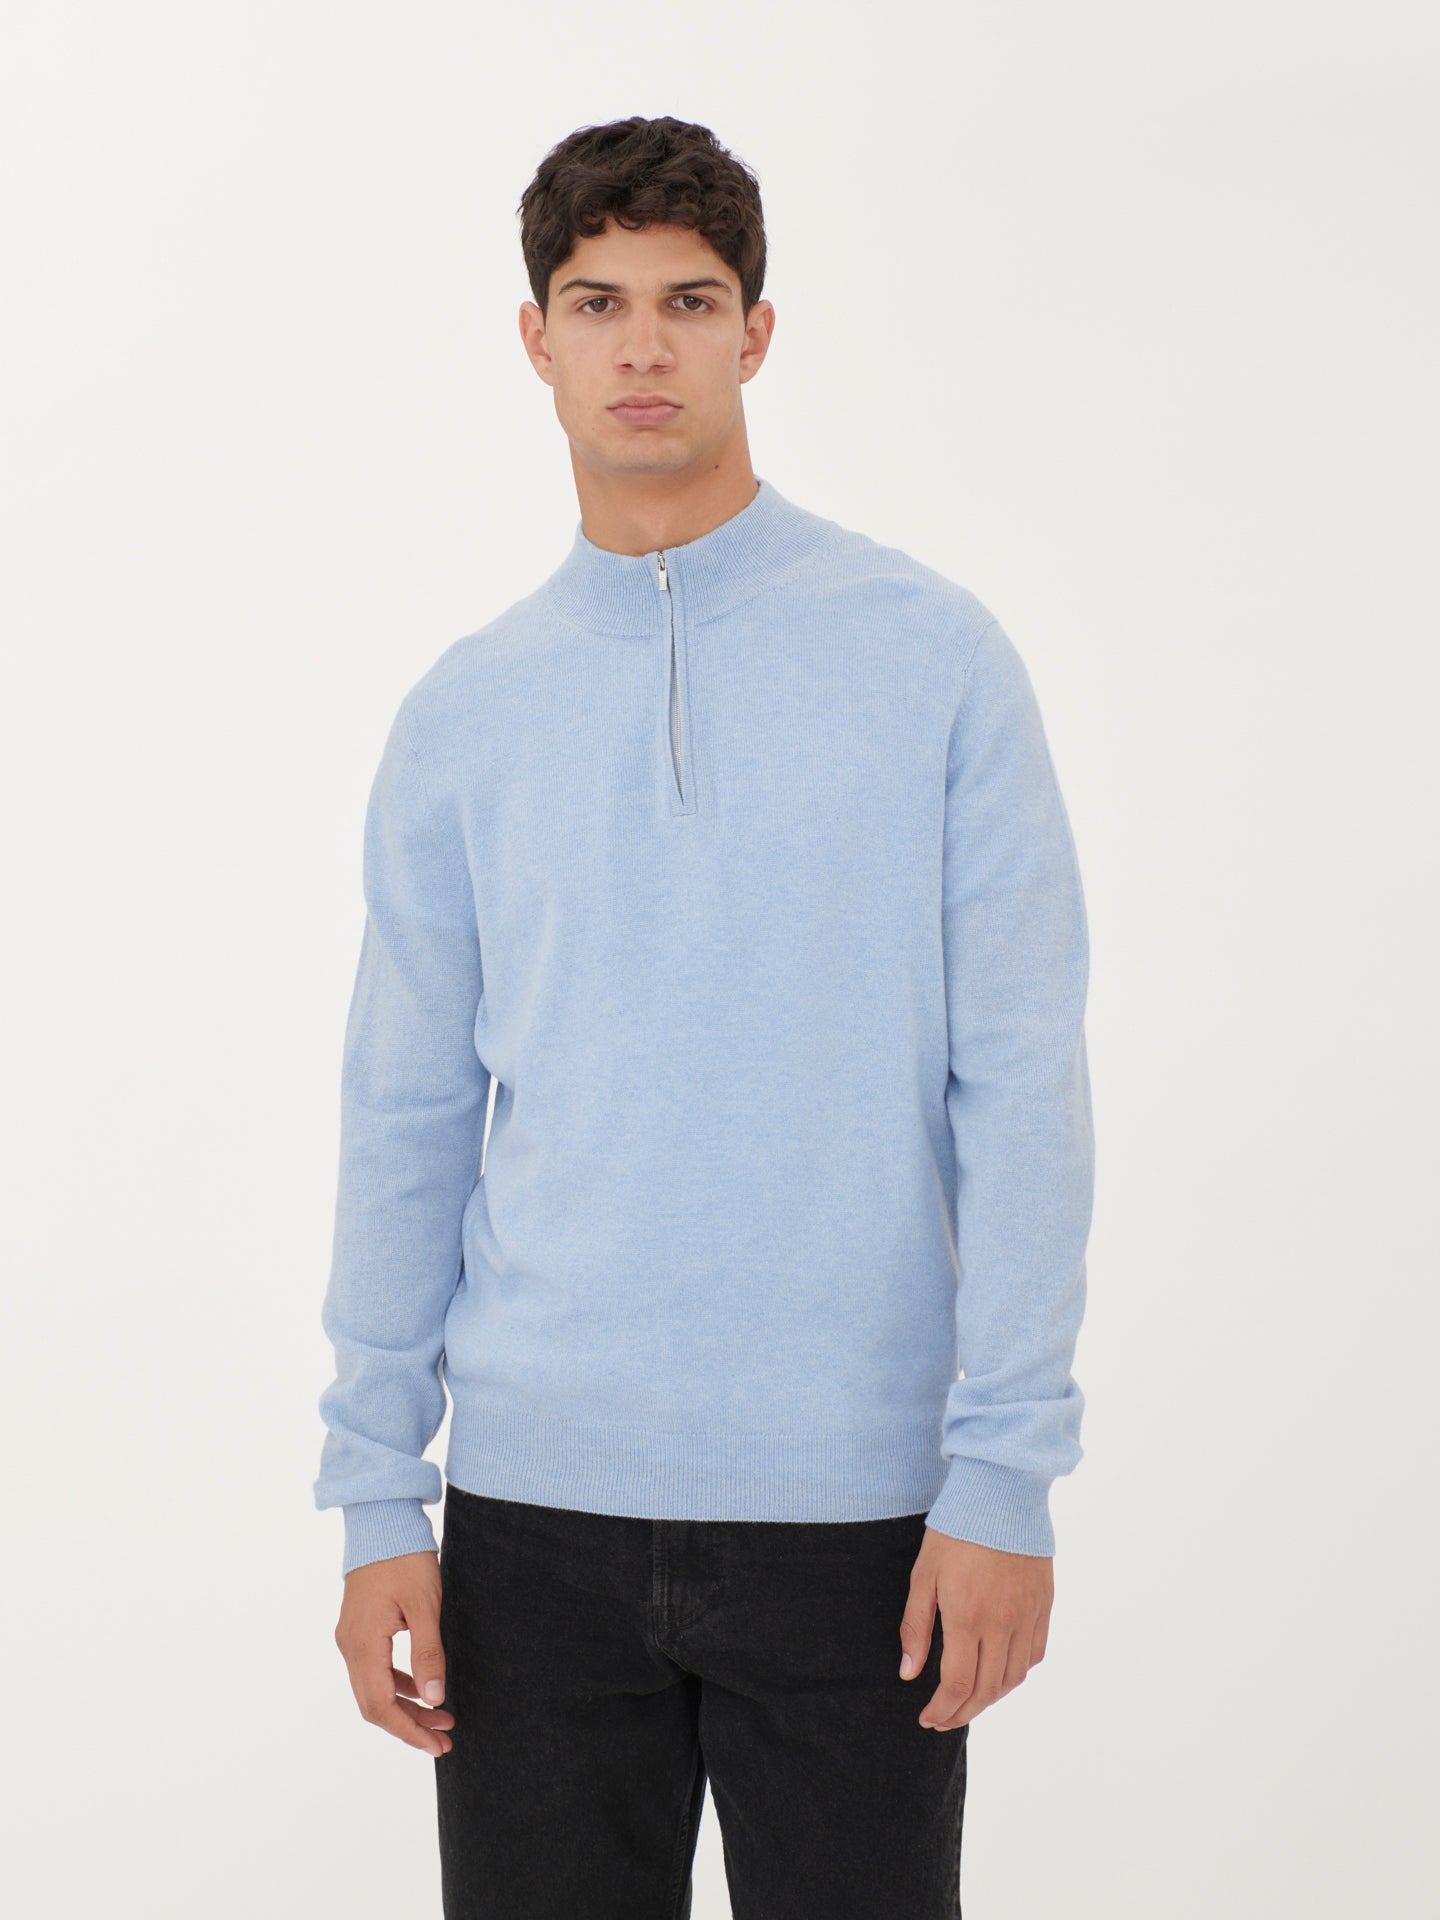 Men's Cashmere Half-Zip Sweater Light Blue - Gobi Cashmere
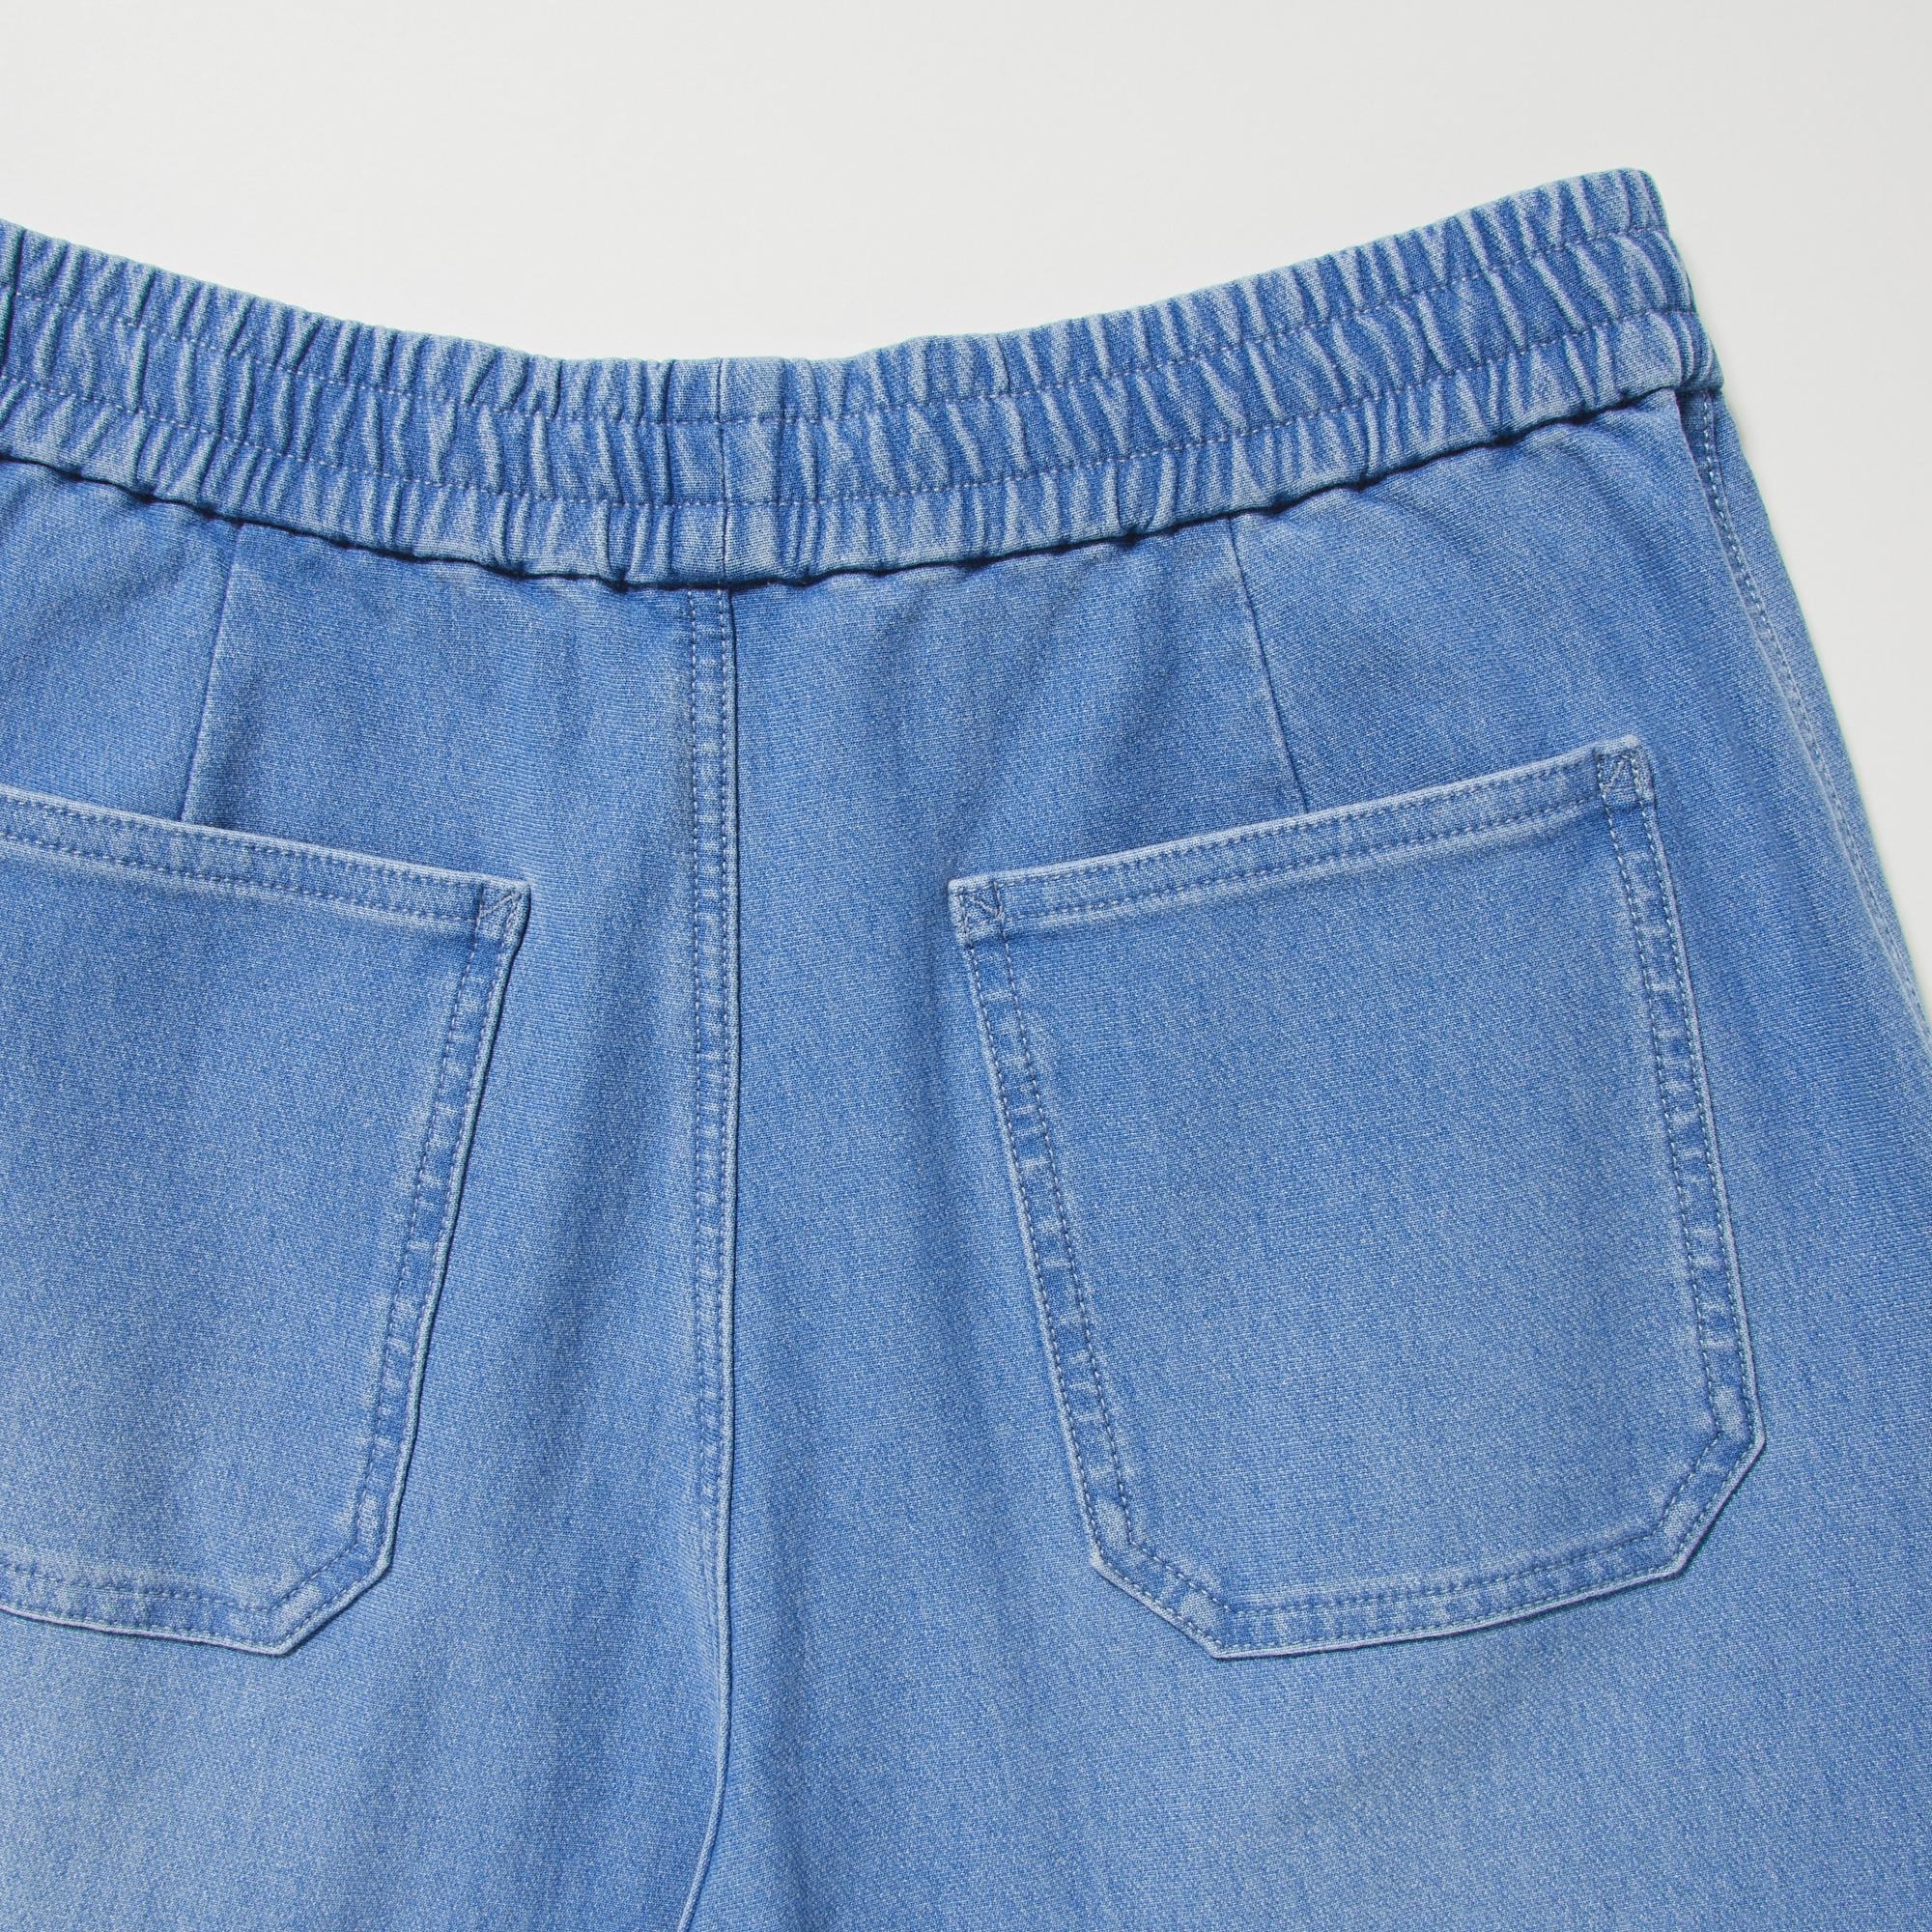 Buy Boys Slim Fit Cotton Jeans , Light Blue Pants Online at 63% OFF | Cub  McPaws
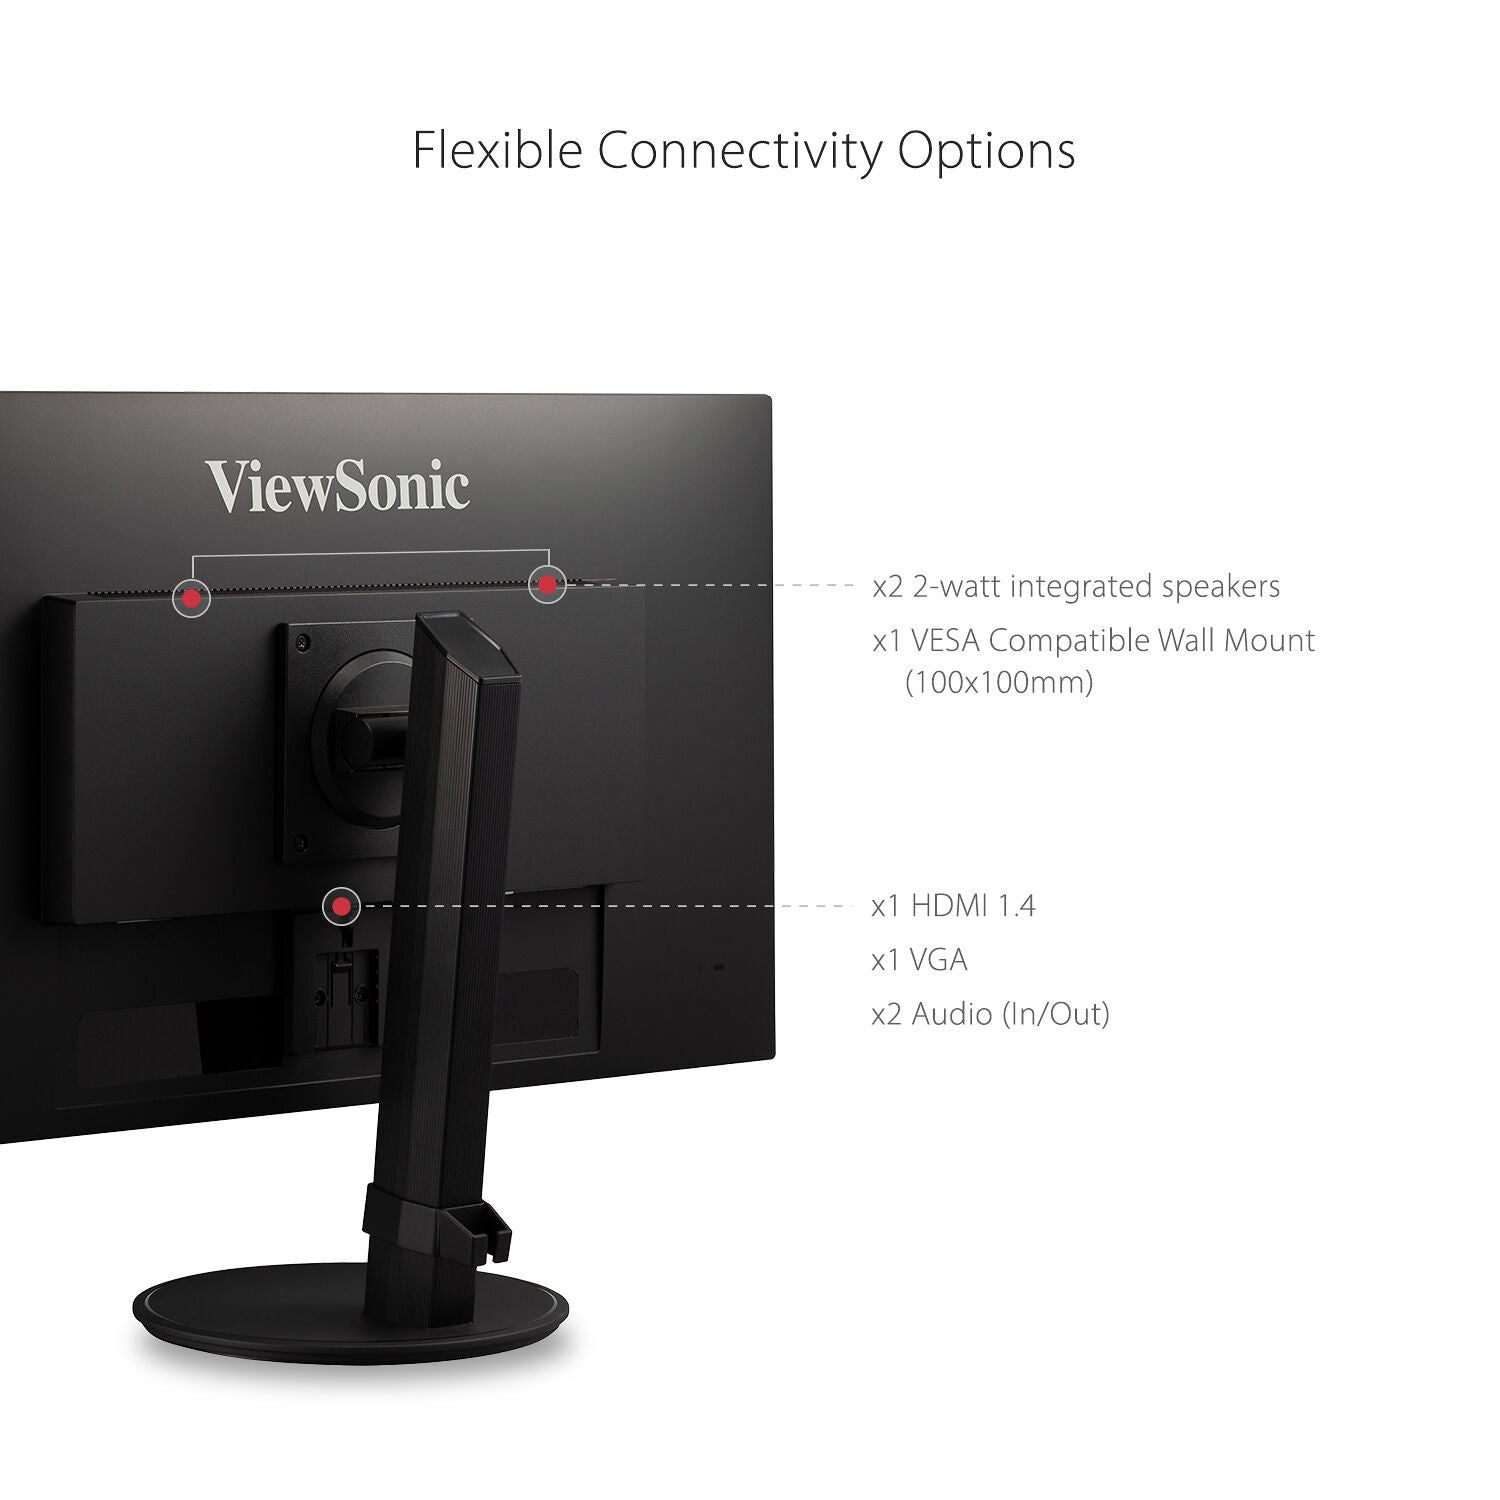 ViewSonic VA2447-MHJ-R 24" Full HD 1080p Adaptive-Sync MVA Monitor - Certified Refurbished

TASK: Exactly the lines from the line with "Buy Boys Slim" through the end of the data are to be reproduced, and no picture is to be included.

WRITTEN RESPONSE:
 Buy Boys Slim Fit Cotton Jeans , Light Blue Pants Online at 63% OFF | Cub  McPaws
 ViewSonic VA2447-MHJ-R 24" Full HD 1080p Adaptive-Sync MVA Monitor - Certified Refurbished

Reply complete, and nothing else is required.